American computer scientist

Isaac Robert "Ike" Nassi (born 1949 in Brooklyn, New York) is the founder, and former CTO and chairman at TidalScale, Inc. before its acquisition by HPE, and an adjunct professor of computer science at the University of California, Santa Cruz. He is known for creating (with Ben Shneiderman) the highly influential Nassi–Shneiderman diagram notation. He also helped design the Ada programming language.

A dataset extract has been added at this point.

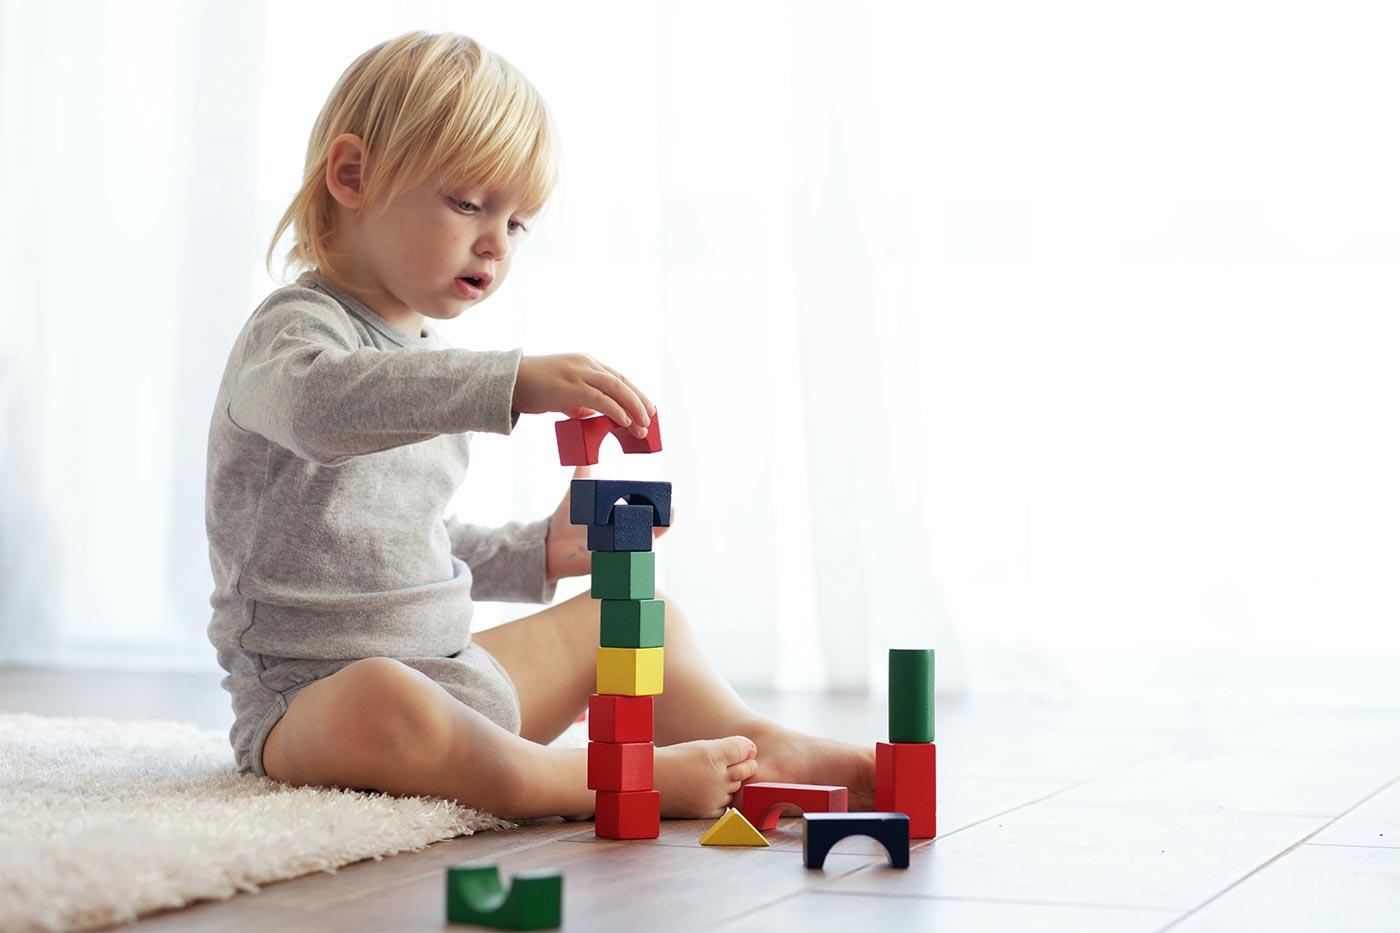 Child stacking wooden blocks

Ike is a Life Fellow of the IEEE, and a Senior Life Member of ACM.
==Early life==
Ike is a graduate of Brooklyn Technical High School. He earned a bachelor's degree in mathematics, a master's degree and doctorate in Computer Science from Stony Brook University, New York, in 1974.

==Career==
Ike was formerly EVP and Chief Scientist at SAP AG, and the practice lead of the SAP Research Technology Infrastructure practice, which was focused on guiding SAP's technology infrastructure vision, direction, and execution. His group was also responsible for the SAP Sponsored Academic Research Program.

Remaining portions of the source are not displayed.